Instructions for the task => With the pictures removed, write out the full listing below exactly.

Dataset section =>
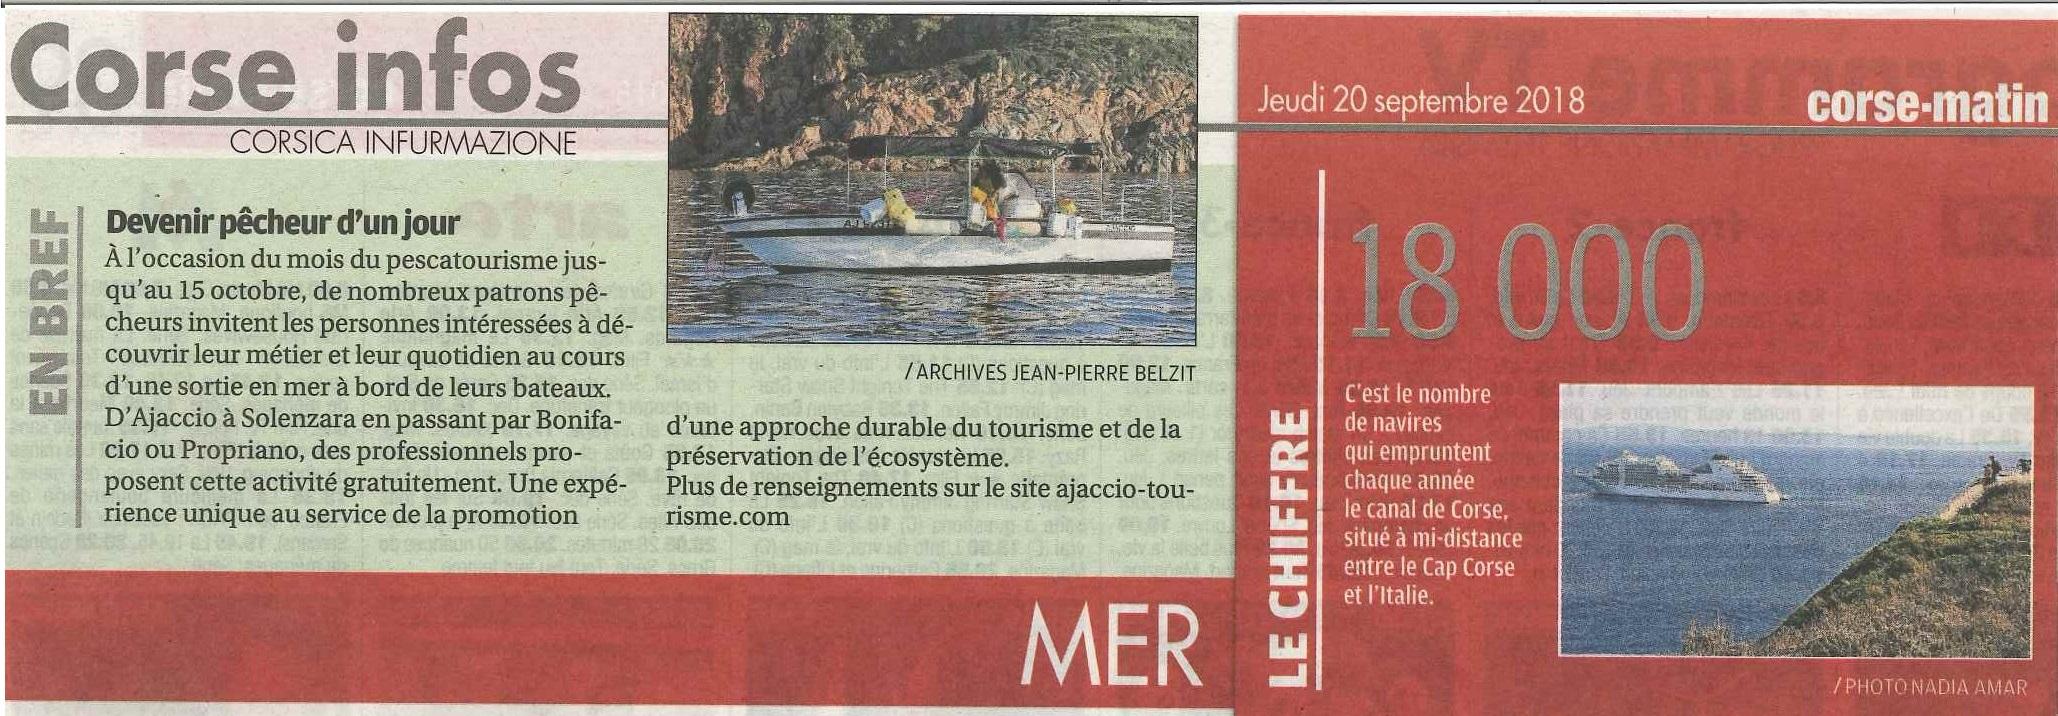 Le mois du pescatourisme en Corse
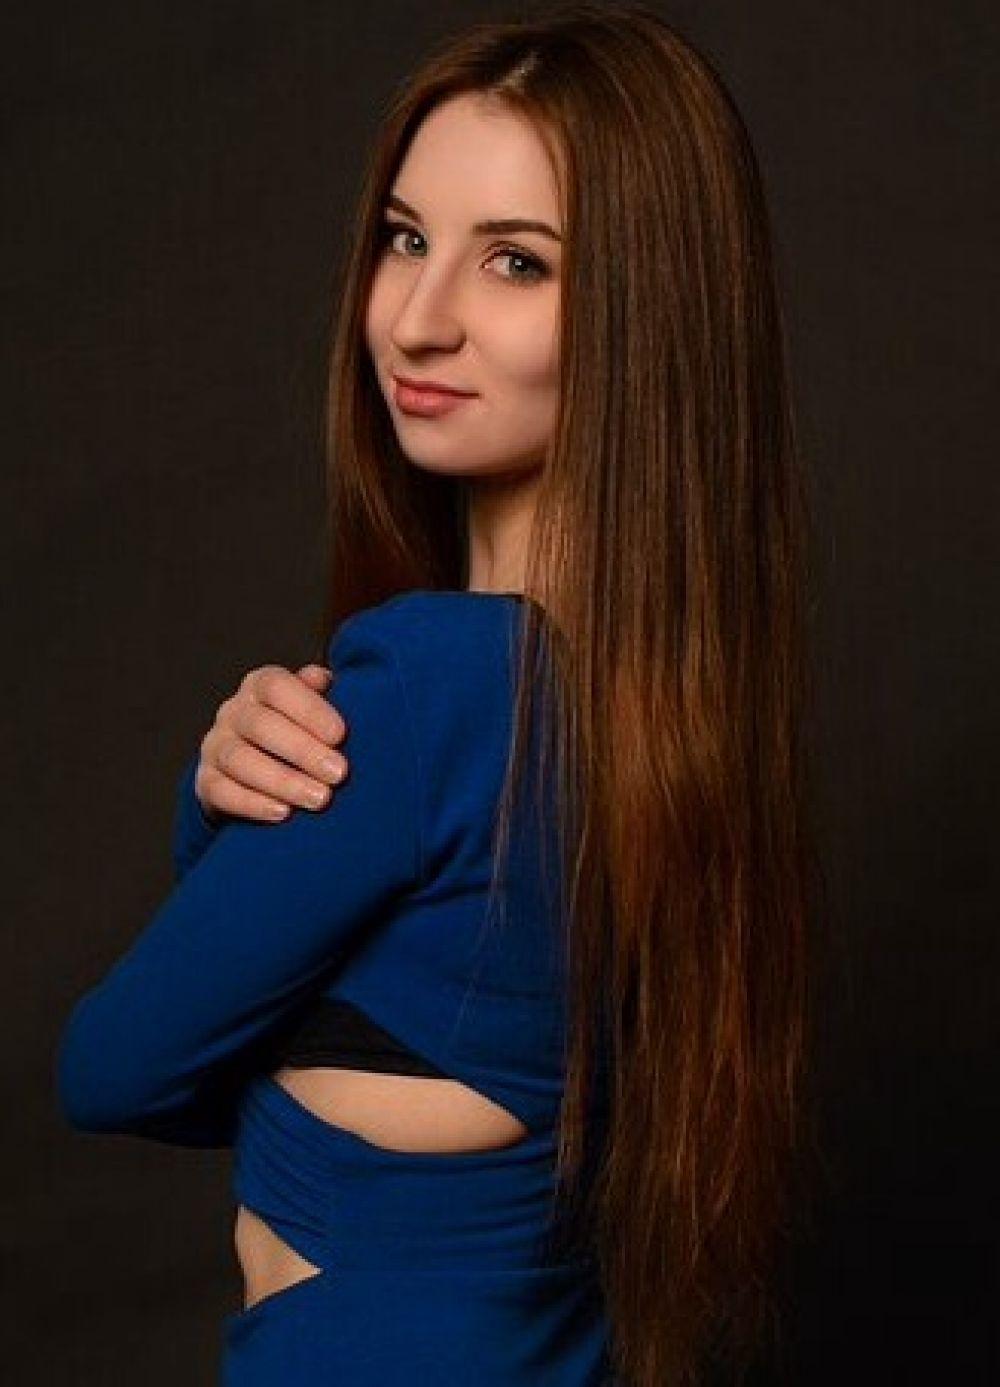 Королева Евгения, Кировская городская больница №6, 21 год
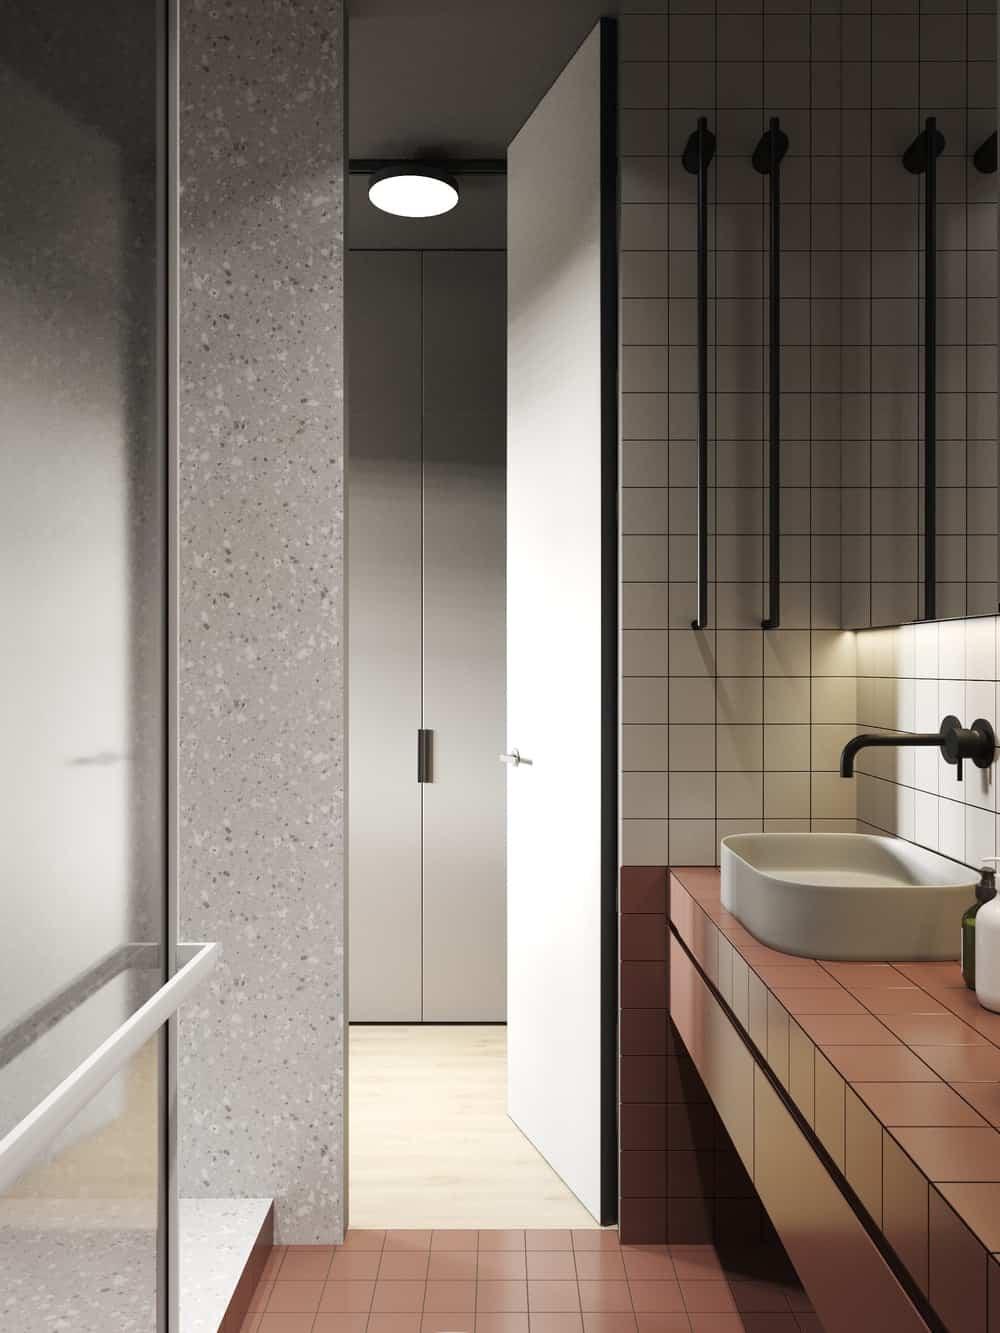 Washroom in the Goose designed by Cartelle Design.
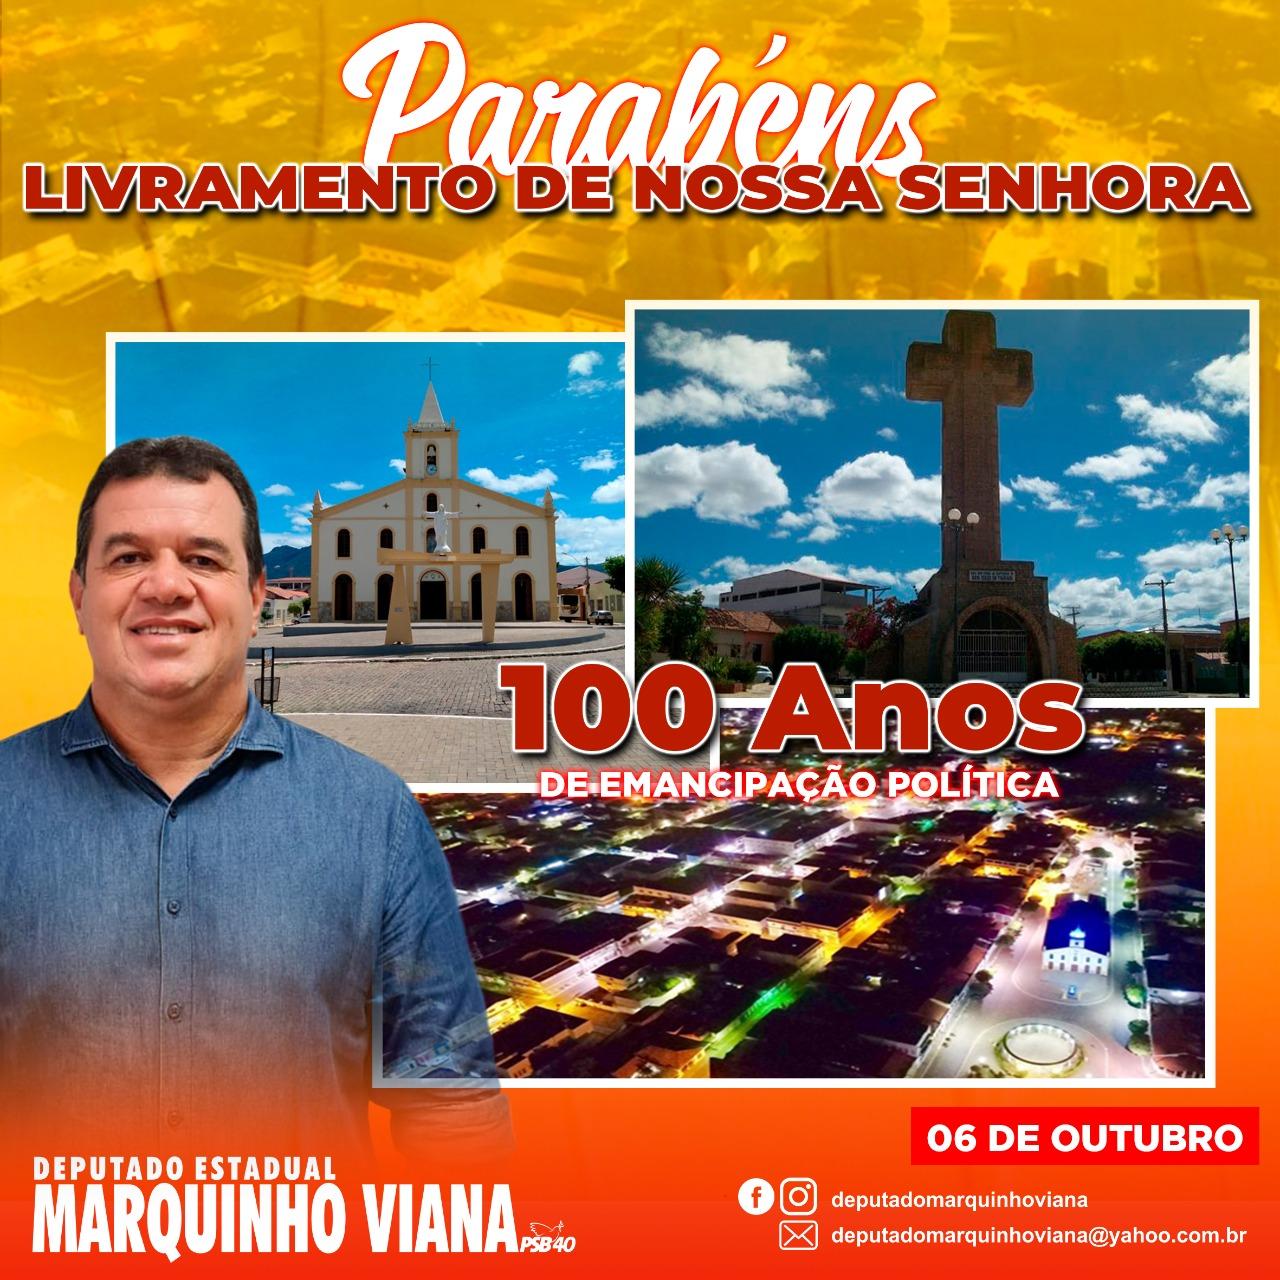 Deputado Marquinho Viana parabeniza Livramento pelos 100 anos de emancipação política

Task solution =>
 Le mois du pescatourisme en Corse
 Королева Евгения, Кировская городская больница №6, 21 год
 Washroom in the Goose designed by Cartelle Design.
 Deputado Marquinho Viana parabeniza Livramento pelos 100 anos de emancipação política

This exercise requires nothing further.